Covid-19 : plus de risques de formes graves en cas d’insomnie et d’épuisement professionnel ?

  
Chaque heure supplémentaire de sommeil serait associée à une probabilité inférieure de 12% d'être infectée par le Covid-19.

Selon une étude, l'insomnie, des nuits perturbées et l'épuisement quotidien seraient liés à un risque accru d'être infecté par le Covid-19, mais aussi d'avoir une forme plus grave de la maladie et une période de récupération plus longue. Les conclusions ont été publiées dans la revue en ligne BMJ Nutrition Prevention & Santé.

Précisément, chaque augmentation d'une heure du temps passé à dormir la nuit était associée à une probabilité inférieure de 12% d'être infectée par le Covid-19. Un sommeil perturbé, des nuits insuffisantes et un épuisement professionnel ont été associés à un risque accru d'infections virales et bactériennes.

Mode de vie et somnifères

Pour approfondir une corrélation possible avec le Covid-19, les chercheurs se sont appuyés sur les réponses à une enquête en ligne réalisée auprès des professionnels de santé exposés au virus. Les répondants ont fourni des informations sur leur mode de vie, leur santé, l'utilisation de médicaments et de compléments alimentaires ainsi que sur leur sommeil. Au total, 2 884 agents de santé ont répondu aux questionnaires dont 568 étaient contaminés par le Covid-19.

Environ 1 malade sur 4 a signalé des difficultés à dormir la nuit, contre environ 1 sur 5 chez les personnes non infectées par le virus. De plus, 1 patient sur 20 a déclaré avoir trois problèmes de sommeil ou plus, y compris des difficultés à s'endormir ou un recours à des somnifères. Ceux qui avaient des problèmes de sommeil avaient 88% de risques d'être infectés par le Covid-19.

Épuisement professionnel

Proportionnellement plus de personnes malades ont signalé un épuisement quotidien. Ceux qui souffraient d’un épuisement professionnel étaient trois fois plus susceptibles de dire que leur infection était grave et qu'ils avaient besoin d'une période de récupération plus longue. Un bémol, les chercheurs reconnaissent une évaluation subjective des niveaux d'exposition, des problèmes de sommeil et de la gravité de l’infection.

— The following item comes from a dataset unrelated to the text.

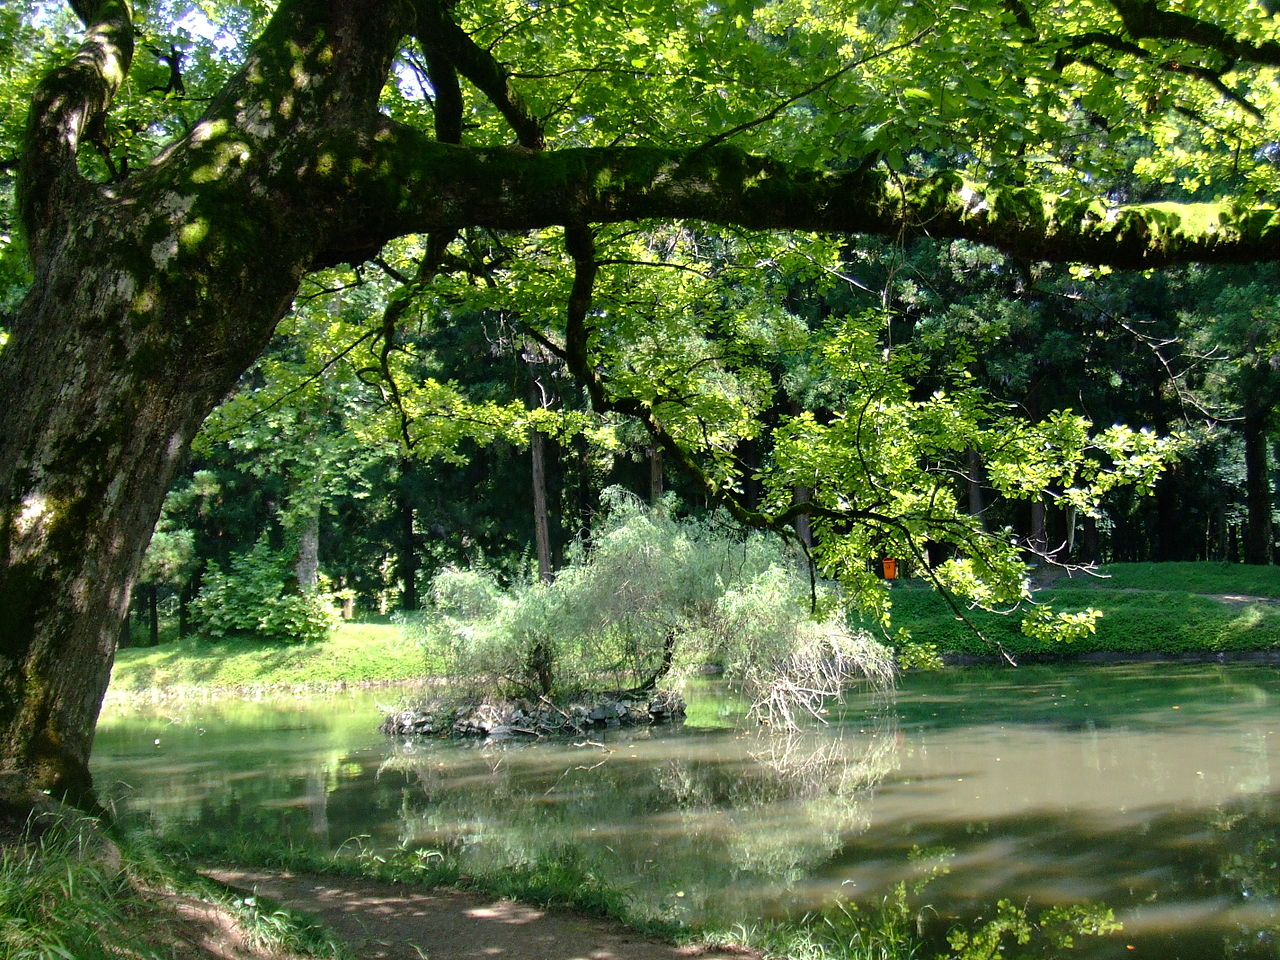 1280px Zugdidi botanical garden5 #новости ботанический сад, Грузия, Дадиани, Дворец Дадиани, Зугдиди, Мегрелия, Самегрело

"Le mécanisme sous-jacent à ces associations reste incertain, mais il a été émis l'hypothèse que le manque de sommeil et les troubles du sommeil peuvent avoir un effet néfaste sur le système immunitaire en augmentant les cytokines et histamines pro-inflammatoires", notent les chercheurs. Et ils soulignent des études liant l'épuisement professionnel à un risque accru de rhume et de grippe ainsi qu'à des pathologies comme le diabète, les maladies cardiovasculaires, les maladies musculo-squelettiques. Avant de conclure : "Nous avons constaté que le manque de sommeil la nuit, de graves problèmes de sommeil et un niveau élevé d'épuisement professionnel peuvent être des facteurs de risque de COVID-19 en première ligne. Nos résultats soulignent l'importance du bien-être des professionnels de la santé pendant la pandémie".